In the earliest days of Islam, the subordinate was the prophet Mohammed, who founded Islam and conquered the Arabian Peninsula. Thereafter the subordinate was the caliphs and in the centuries after Mohammed’s death they expanded Muslim society by conquering peoples as far west as Spain and as far east as India. In the process, they absorbed half of Christian civilization. Eventually, the power of the caliphs waned, and new leaders—such as the Ottoman sultans—were the subordinates. Throughout it all, God himself was regarded as the ruler of Islamic civilization.

Islam as Ideology

That Islam sees itself as a theocracy has enormous ramifications for how it regards itself and for the behavior of Muslims.

First, it means that Islam is not only a religion. It is also a political ideology. If the government of the Muslim community simply is God’s government, then no other governments can be legitimate. They are all at war with God.
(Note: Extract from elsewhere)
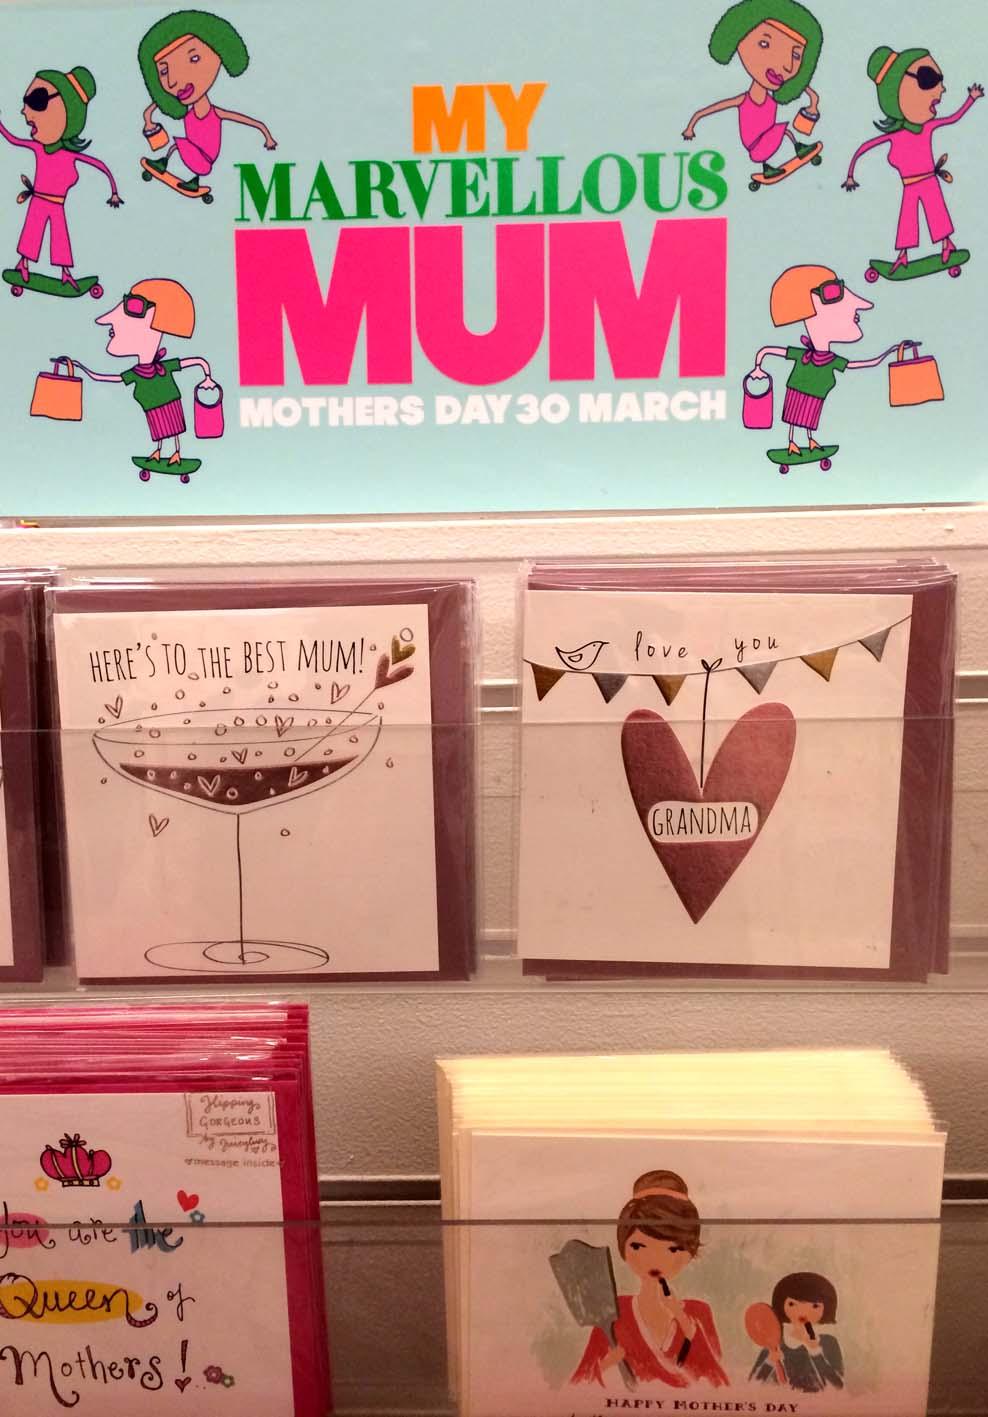 SELFRIDGES_Mothers_Day_2014_3

As a result, Muslims have typically divided the world into two spheres, known as the Dar al-Islam—the "house of Islam" or "house of submission" to God—and the Dar al-Harb, or "house of war"—those who are at war with God.

Second, it means that Muslims have believed themselves to have a "manifest destiny." Since God must win in the end, the Dar al-Harb must be brought under the control of Muslim government and made part of the Dar al-Islam.

Third, since the Dar al-Harb by its nature is at war with God, it is unlikely that it will submit to God without a fight. Individual groups might be convinced to lay down their arms and join the Muslim community by various forms of pressure—economic or military—that fall short of war. In history some groups have become Muslim in this way, either fearing Muslim conquest, desiring Muslim military aid against their own enemies, or aspiring to good trade relations with the Muslim world. But many peoples would rather fight than switch. This has been particularly true of Christians, who have put up more resistance to the Muslim advance than have pagan and animistic tribes.

Because of the need to expand God’s dominion by wars of conquest, Islam’s ideology imposes on Muslims the duty to fight for God’s community. This duty is known as jihad (Arabic, "struggle, fight"). Although it is binding on all Muslims, it has been particularly incumbent on those on the edges of the Muslim world, where there was room for expansion. Only by continual jihad could the manifest destiny of Islam to bring the world into submission to God be fulfilled.

As eminent French sociologist Jacques Ellul notes, "Jihad is a religious obligation. It forms part of the duties that the believer must fulfill; it is Islam’s normal path to expansion."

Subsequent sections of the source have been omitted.